For the eleventh 32in24 mapping session, a total of 45 Free-For-All Deathmatch map layouts were designed in a 24-hour period by an assortment of community members. Mappers were allowed a week afterwards to polish up their submissions’ gameplay and visuals, followed by a week of intense playtesting, bugfixing, and balancing including two online test runs coordinated with the fine folks over at Odamex Saturday Nitro.

As a whole it’s been hailed as the most successful, high-quality, and generally fun to play 32in24 production to date, and thank goodness, I’m pretty proud of my contributions to it!

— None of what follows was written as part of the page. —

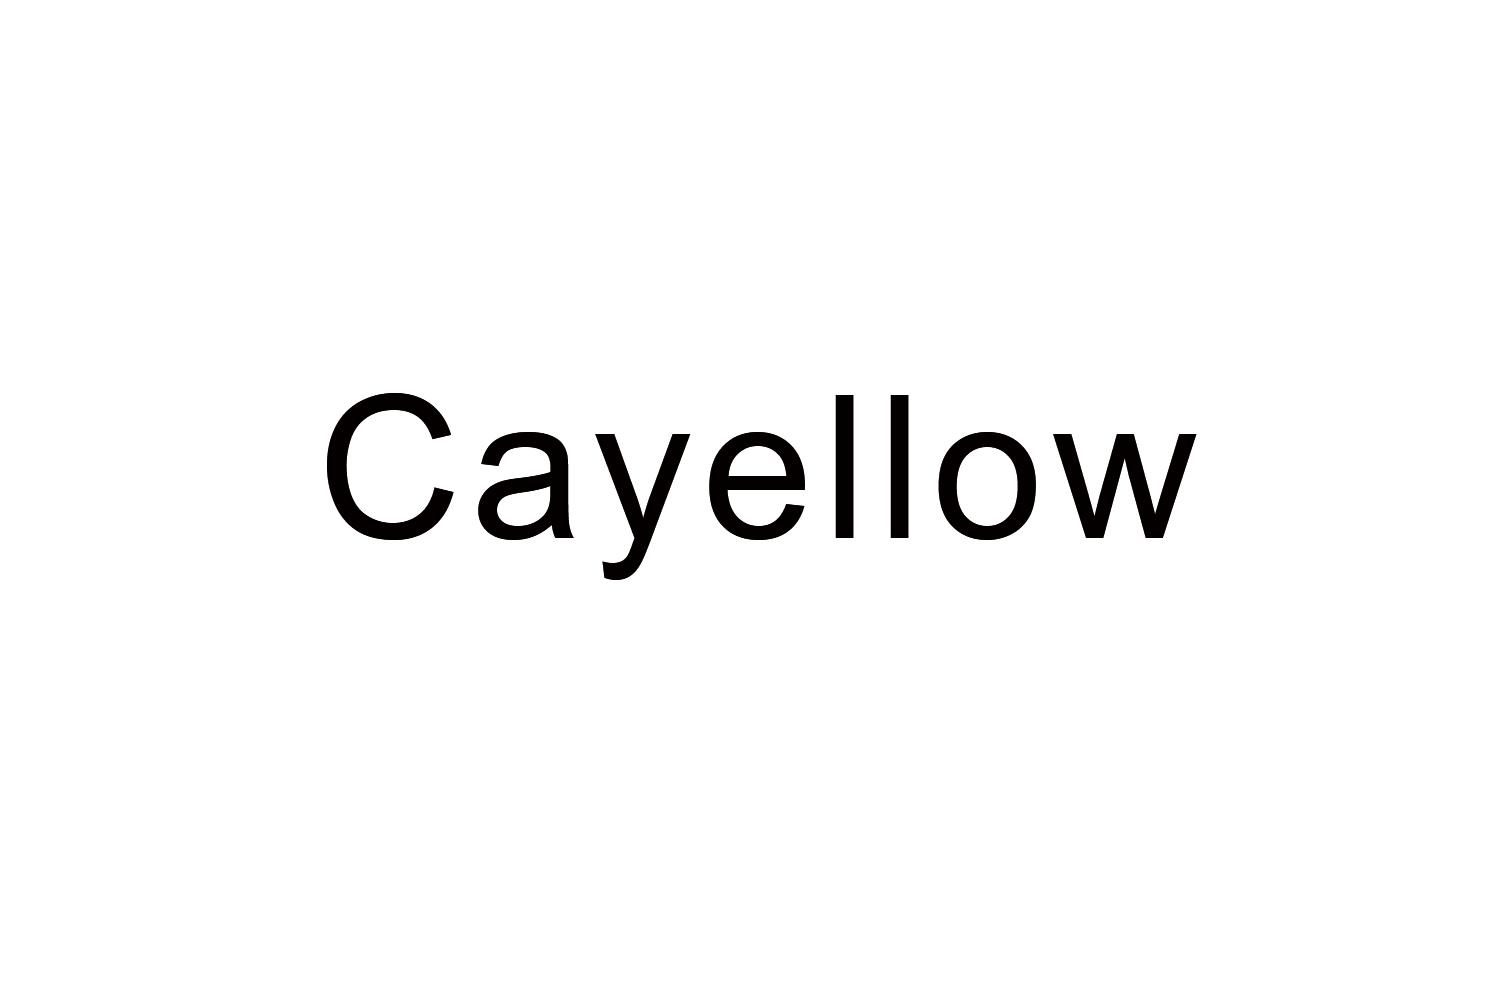 Cayellow

I created three of the maps, each titled as a cheesy pun on a famous Doom project: the gothic temple Ultraman Torment N’ Torture, shiny space station Vrack to the Izzo, and detail-guide pastiche Knee-Deep in Zeldoom.

 

MAP17: The Ultraman Torment N’ Torture was my first submission, a gothic temple in a grassy courtyard in the vein of Crucified Dreams. It’s a relatively simple, open layout based around a central courtyard with several paths and platforms all connected directly around it. I built the layout in about an hour originally, at the very start of the layout-building day, and later spent two days detailing it.

 

MAP03: Vrack to the Izzo is an angular space station influenced by scenes from Fredrik Johannson’s Vrack series and Mechadon‘s body of work, and comparable to my own SpaceDM9, with lots of direct vertical connections providing opportunities for drop-ins and other quick maneuvers. I built the layout in the final few hours of the 32in24, and finished texturing and detailing it the following day. My initial impulse was to title it “Vrack to the Future,” but I opted for the even sillier way out.

 

MAP29: Knee-Deep in Zeldoom, my other submission, is a stylistic parody of Tormentor667′s The Art Of High Detail mapping tutorial. I built it in about three hours total, including time spent detailing. In spite of the goofy visual design, I aimed to create a layout that was still fully playable and fun to run around in for serious games. I’m not posting screenshots of it, because really. I’m not going to embarrass myself like that.

 

The rest of the set features a surprisingly high number of great contributions from 32in24 regulars and new participators alike, and has managed to keep servers packed with players for hours on end.

The total production time from the initial layout-building day to the completed, heavily tested final release was just under two weeks. With this 32in24 we’ve finally come upon a production process that allows us to quickly produce tons of fun, polished maps that not only look great but play well too.